Generally, the root crops like carrots, kohlrabi and radishes should be seeded directly into the ground/garden – add green peas to that list, too. All the others mentioned can be planted in containers or seed trays inside and allowed to grow big enough to transplant in the garden later. If you have big containers, you can keep the bok choy, lettuce, spinach, kale, Swiss chard, and green peas growing in them. They’re excellent container-grown plants.

Herbs are a good project to grow inside for now and then move outside when it’s a little bit warmer in April. Herbs are usually grown from seeds. Some of the most common ones are basil, oregano, thyme, sage, cilantro, parsley and chives. 

You may see cauliflower and broccoli plants being sold at stores right now. These are good ones to plant in the garden now. Here’s a fair warning, however: they usually don’t like the temperature fluctuations Oklahoma has in the springtime, so don’t feel bad if they don’t do as well as you and your kids had hoped. 

One of my favorites to plant with the kids is potatoes.

There are red potatoes, white potatoes, yellow potatoes and purple potatoes. I opt for purple since they are more dense, which decreases their chance of rotting. Also, who doesn’t love purple? These can easily be planted in a container or in the ground. If planting in a container, be sure to put a couple inches of potting soil in the bottom, place the potatoes on top of the soil, then cover them with a couple more inches of potting soil. As they potato leaves grow through the soil, add more potting soil to cover the leaves. Continue this process until you’ve filled the container with potting soil weeks later. You’ll get to harvest them in June, and it’s like a treasure hunt for the kids. They’ll love it. 

My son harvesting his potatoes in June

My son harvesting his potatoes in June

If you cook a lot with onions, this is a super easy crop to grow in the garden. I usually buy the bundled plants because they’re much less likely to bolt (flower) during temperature fluctuations than the little bulbs. Once an onion flowers, the bulb is no longer good to eat. However, you can still harvest the green leaves and cook with them. 

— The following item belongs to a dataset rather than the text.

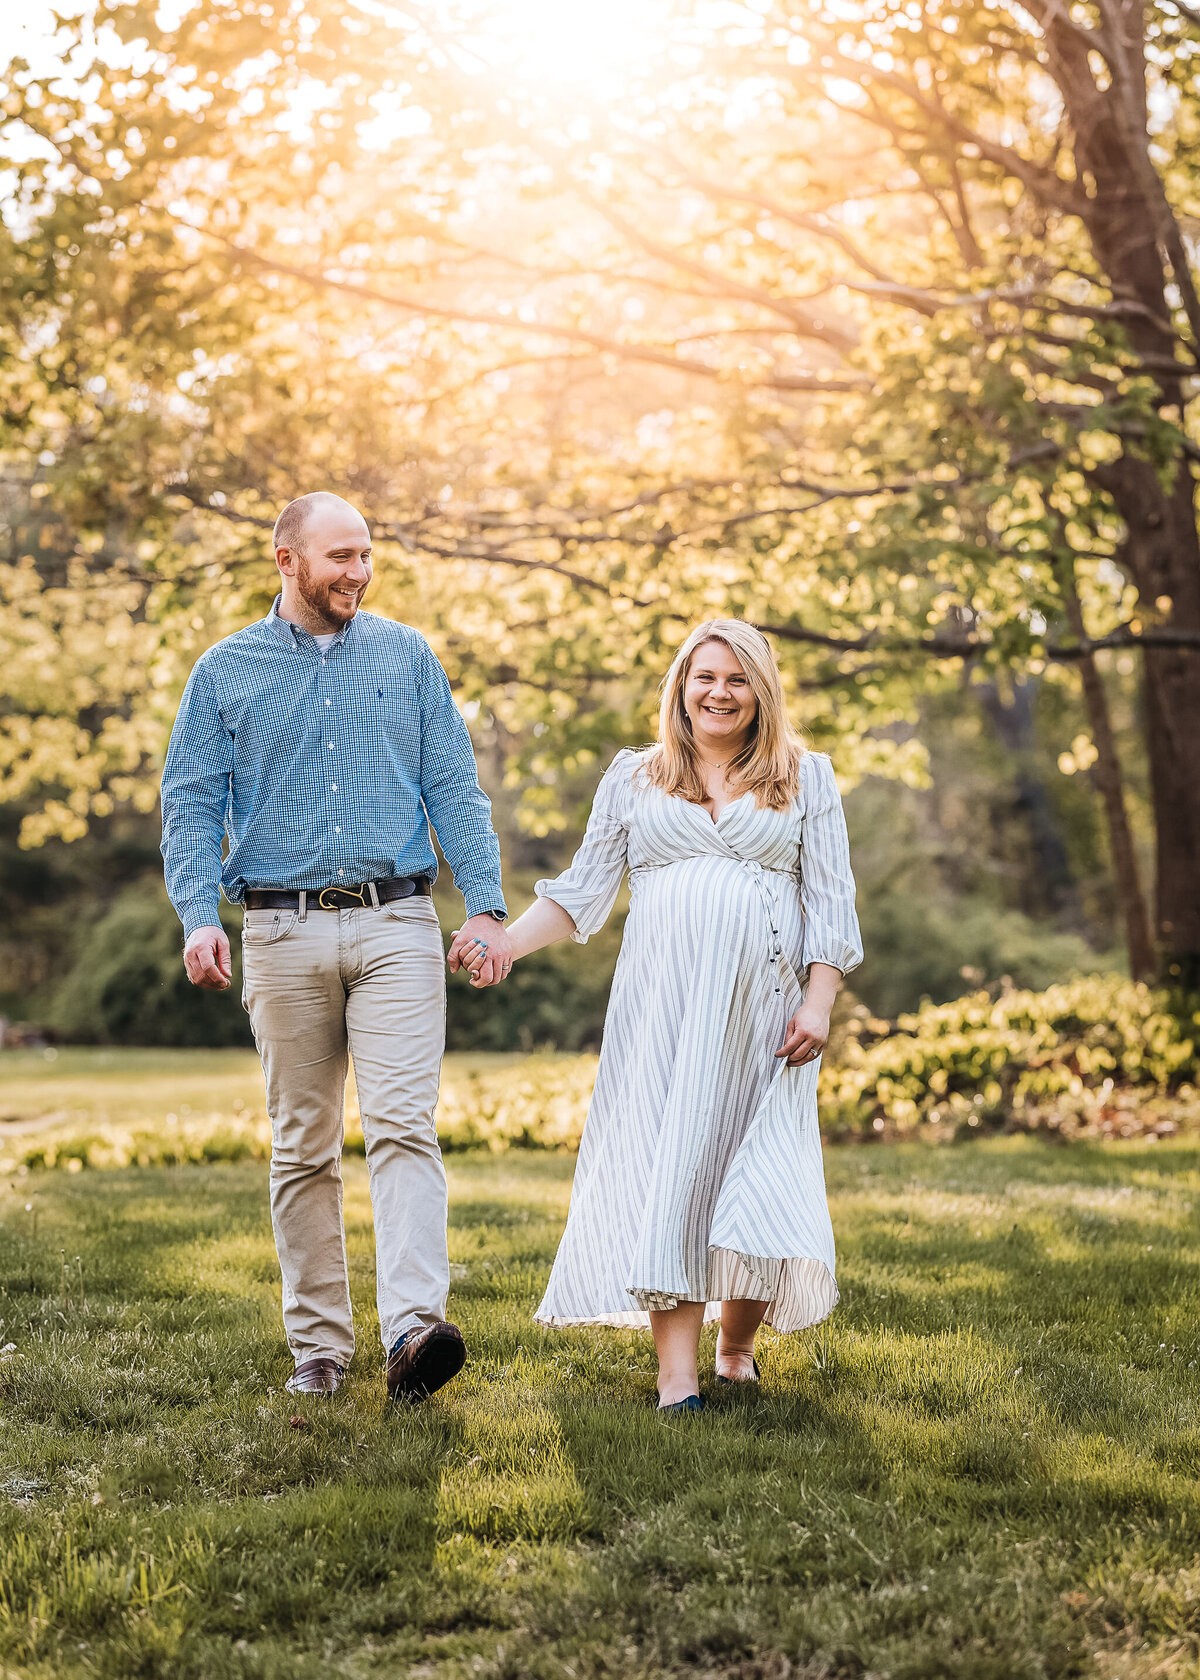 Husband and wife holding hands in maternity photo by lisa Smith Photography

A Few Tips for a Successful Spring Garden:

  • Use well drained soil when growing vegetables. If growing in a container, this can be potting soil. If growing in the garden, use compost, such as feather meal or mushroom compost. Tilling the soil can also break up the tight spaces and allow for better drainage. 
  • Water only when the soil is about dry. Don’t think you have to water every day or every other day. Just check the soil. 
  • When you water containers, do so until water comes out of the bottom. Yes, containers need to have a drainage hole. 
  • Fertilizer is not usually needed. Don’t spend money on it. 
  • Full sun is a must for vegetables. You’ll get more production. 
  • Let your kids check on their plants as often as they want to. Let them name their plants. Let their curiosity abound.